It was almost too easy. The precision-like fleecing of the People of the State of California, that is.

As predicted here late last year, when the Northcoast fires were still smoldering, I said there would be a historically epic showdown between the Big Three (PG&E and the other two electrical monopolies, Southern California Edison and San Diego Gas and Electric) and Sacramento legislators over a Bankruptcy-Bailout crisis.

I was correct on the Bankruptcy-Bailout scenario, but dead wrong on the epic nature of the battle. In fact, there wasn’t even much of a fight. It was more like an amicable agreement among friendly business partners settling a year-end dispute over profit-sharing.

The state Legislature late at night in the closing hours of the legislative year on Aug. 31, okayed a bill (SB 901) that features a so-called wildfire surcharge on customer bills that amounts to a bailout of PG&E and the other two electrical giants.
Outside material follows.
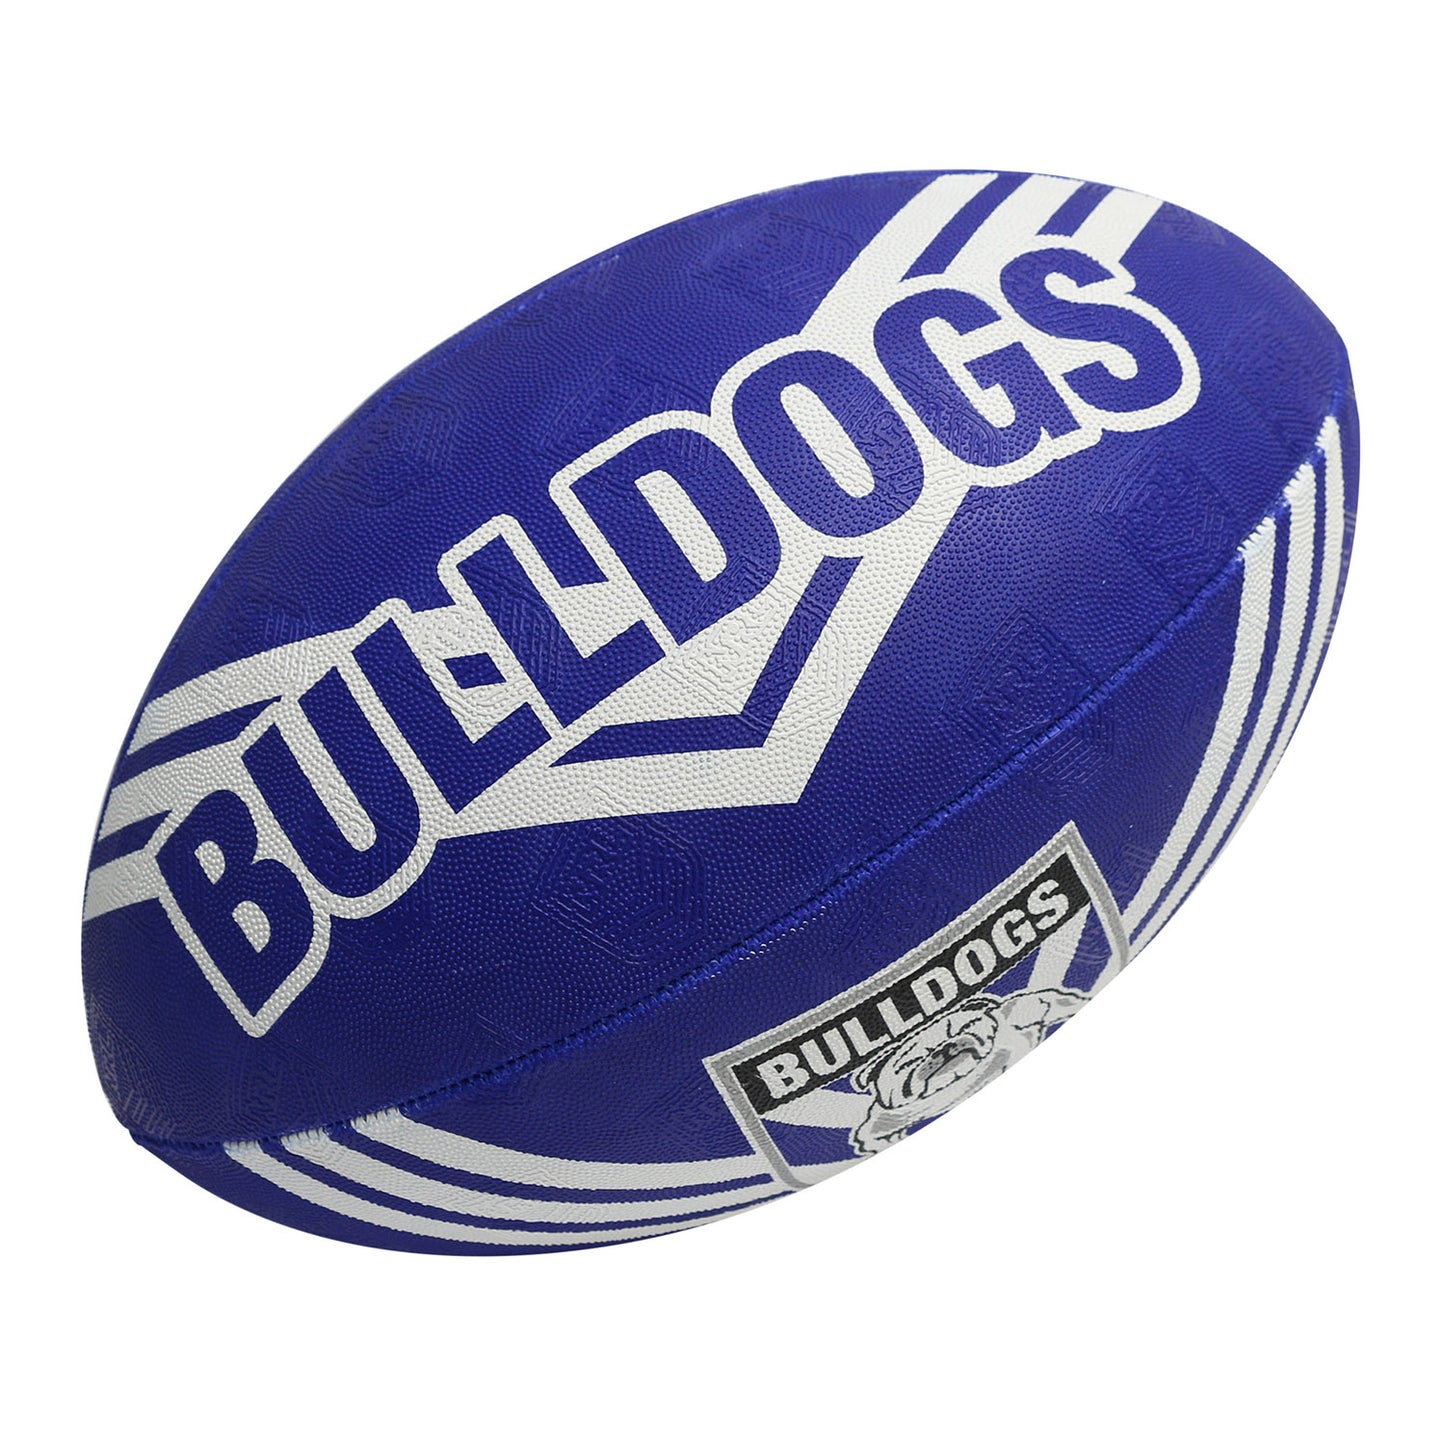 Canterbury-Bankstown Bulldogs Supporter Ball

State Sen. Bill Dodd, D-Napa, left, receives congratulations from Sen. Bill Monning, D-Carmel, after the Senate approved a measure Dodd carried to allow utilities to pass cost of the 2017 wildfires on to customers, Friday, Aug. 31, 2018, in Sacramento, Calif. Both houses approved the bill and it was sent it to Gov. Jerry Brown. (AP Photo/Rich Pedroncelli)

It would authorize PG&E to use a type of state-authorized bond to pay off billions of dollars in damages arising from last fall’s wildfires. The bill, if signed by Gov. Jerry Brown — Brown’s already tipped his hand, he’ll approve it — will serve as a template for all future wildfires, including the record-setting ones that are still burning now, where the Big Three are liable for damage from blazes started by their equipment.

PG&E’s customers would be responsible for repaying the special state bonds on their monthly bills, assuming the California Public Utilities Commission (PUC) determines that the company acted reasonably in its equipment maintenance prior to the fires. If the PUC finds the Big Three did not comply with reasonable fire safety maintenance, then the electrical companies and their shareholders have to pay for the damages.

Quite a deal. And, I believe you know already who’s going to be paying for the lion’s share of damages from wildfires started by a utility’s equipment.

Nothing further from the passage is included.